Hi Peeps, I will soon be in the market for tablet. I do not want a iPad though, just a 10" tablet with preferably Android 4.3.x (Jelly Bean) or 4.4 (KitKat). Do any of you peeps have a tablet with these specs and what is it like. Usage will be for light surfing and MP3/4's. Could anybody recommend a non owned model also?


----------



## bluewaveschool (Apr 19, 2014)

Get a Galaxy.  Wife has an old Tab 2 (7in running Android 4.0) that has been great, done everything, going strong after 2+ years.  I'm upgrading her this summer to a 10" tablet.


----------



## Transk53 (Apr 20, 2014)

bluewaveschool said:


> Get a Galaxy.  Wife has an old Tab 2 (7in running Android 4.0) that has been great, done everything, going strong after 2+ years.  I'm upgrading her this summer to a 10" tablet.



Thanks, I'll have a looksie at that.


----------



## Carol (Apr 21, 2014)

The Galaxy is a sweet device.  I have an iPad, but if I were looking for an Android tablet, I'd personally go with the Galaxy.

Go with Kit Kat, if possible.  Google and the manufacturers pick and choose which devices will get what updates; the operating system that you buy might be what you run for the life of the device.   My Motorola phone, for example, runs Jelly Bean, but Motorola has confirmed it will not be upgraded to Kit Kat.


----------



## Transk53 (Apr 22, 2014)

Carol said:


> The Galaxy is a sweet device.  I have an iPad, but if I were looking for an Android tablet, I'd personally go with the Galaxy.
> 
> Go with Kit Kat, if possible.  Google and the manufacturers pick and choose which devices will get what updates; the operating system that you buy might be what you run for the life of the device.   My Motorola phone, for example, runs Jelly Bean, but Motorola has confirmed it will not be upgraded to Kit Kat.

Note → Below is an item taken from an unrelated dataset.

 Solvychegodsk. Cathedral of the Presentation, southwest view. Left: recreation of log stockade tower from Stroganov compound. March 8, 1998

Always been the same with Android devices. Should have a Core I5 lappy soon, so I may veer towards a Windows based OS tablet if that does not happen.


----------



## jezr74 (Apr 22, 2014)

Transk53 said:


> Always been the same with Android devices. Should have a Core I5 lappy soon, so I may veer towards a Windows based OS tablet if that does not happen.

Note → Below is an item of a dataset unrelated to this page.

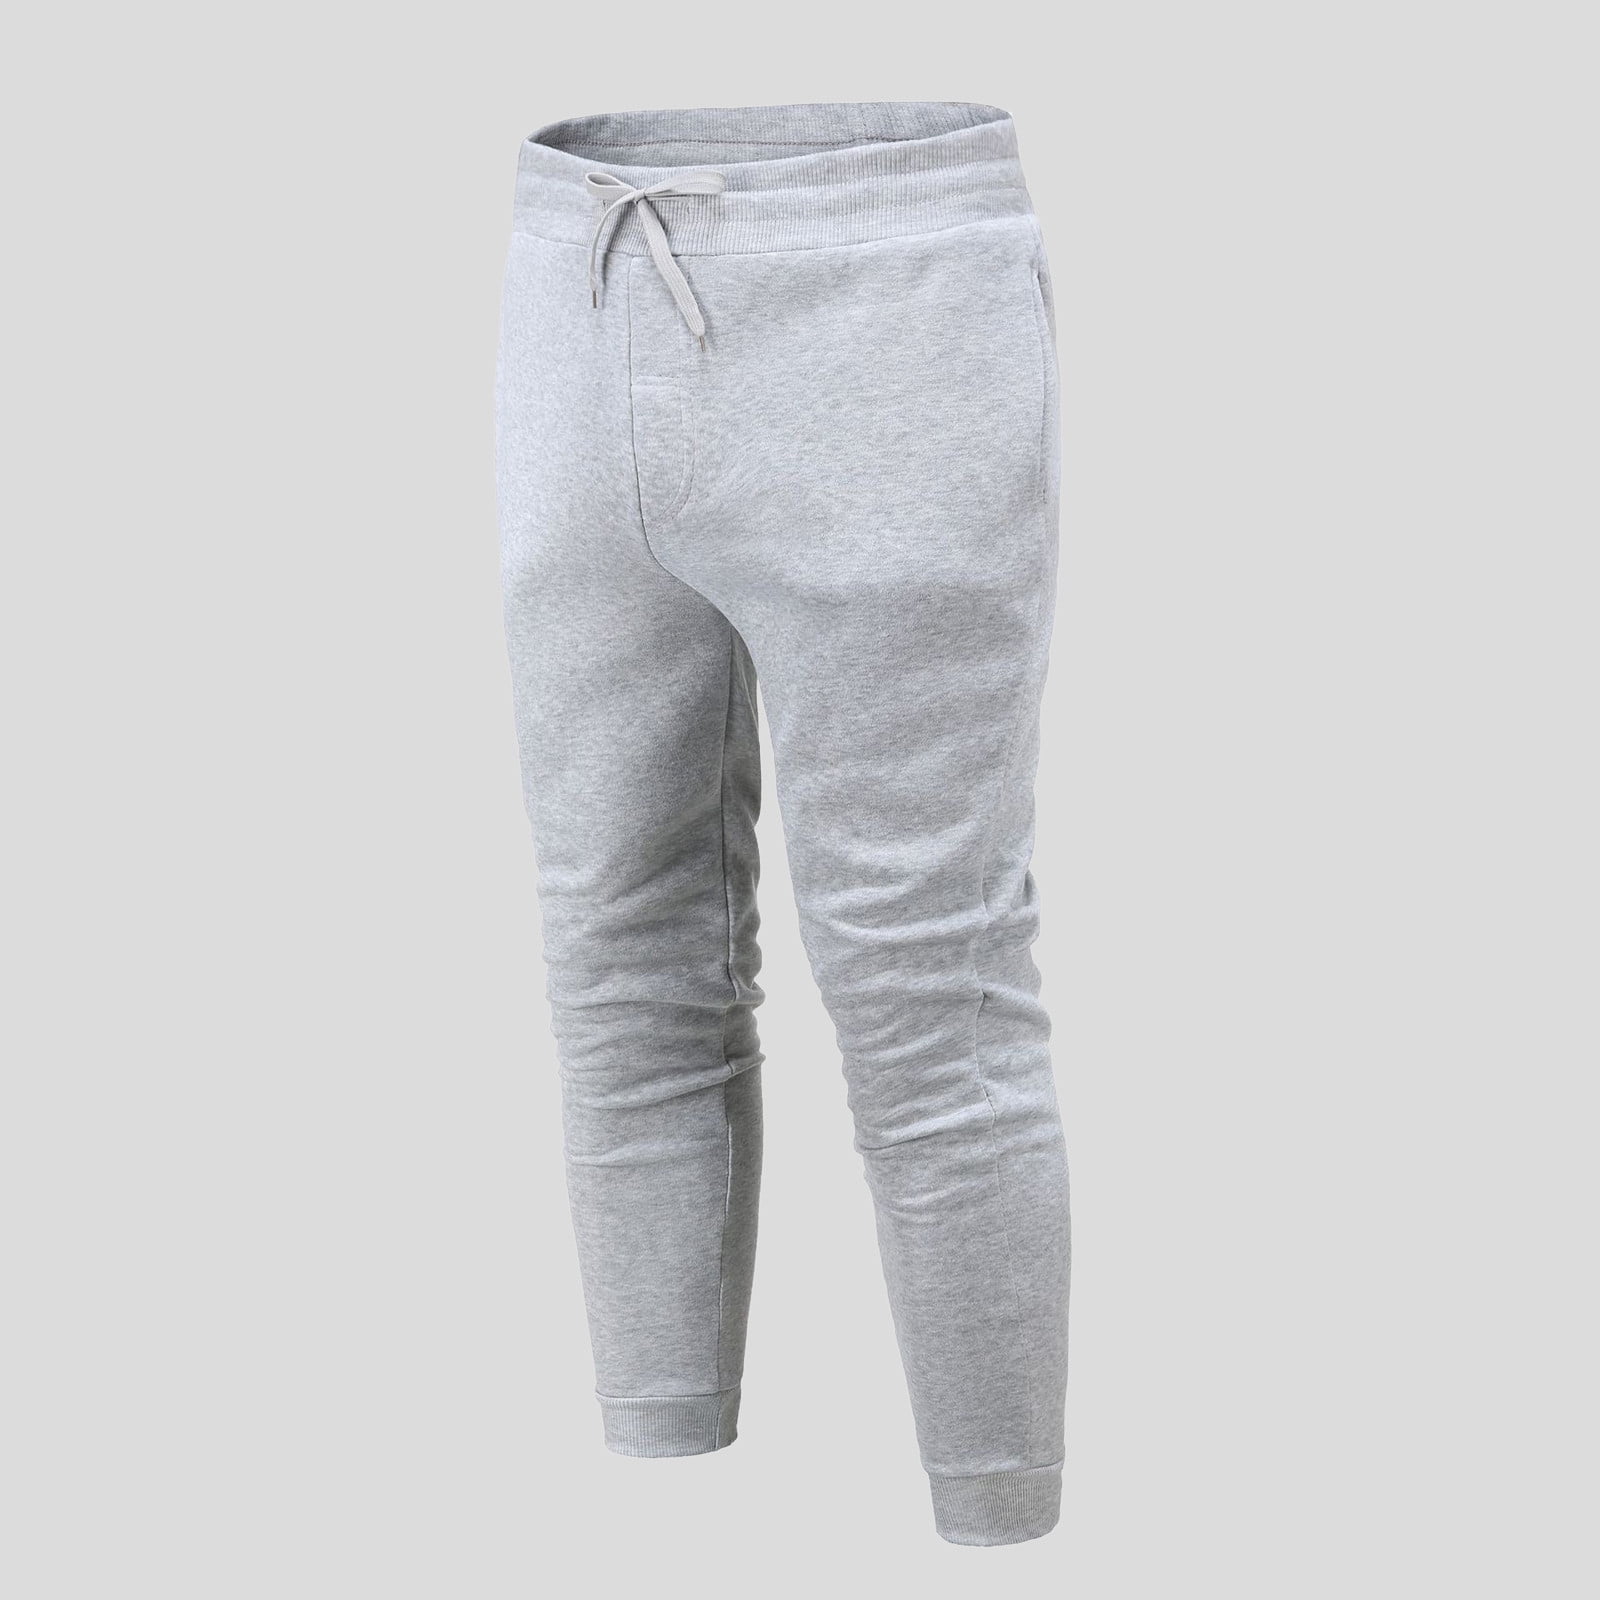 Grey Sweatpants For Men Mens Autumn And Winter High Street Fashion Leisure  Loose Sports Running Solid Color Lace Up Pants Sweater Pants Trousers

I have a surface pro 2, is fantastic. Also have 4 different smart phones and iPad, Nexus 7, Nabi etc.. But I tend to only use the surface these days when want it for more than 10 minutes, and my windows phone when doing a quick lookup.


----------



## jks9199 (Apr 22, 2014)

Carol said:


> The Galaxy is a sweet device.  I have an iPad, but if I were looking for an Android tablet, I'd personally go with the Galaxy.
> 
> Go with Kit Kat, if possible.  Google and the manufacturers pick and choose which devices will get what updates; the operating system that you buy might be what you run for the life of the device.   My Motorola phone, for example, runs Jelly Bean, but Motorola has confirmed it will not be upgraded to Kit Kat.





Transk53 said:


> Always been the same with Android devices. Should have a Core I5 lappy soon, so I may veer towards a Windows based OS tablet if that does not happen.



You can always root an Android device, and go with the version you choose...  if you don't mind voiding warranties.


----------



## Transk53 (Apr 22, 2014)

jks9199 said:
			
		

> You can always root an Android device, and go with the version you choose... if you don't mind voiding warranties.​



Nope. Being an Overclocker, that word is somewhat rude lol


----------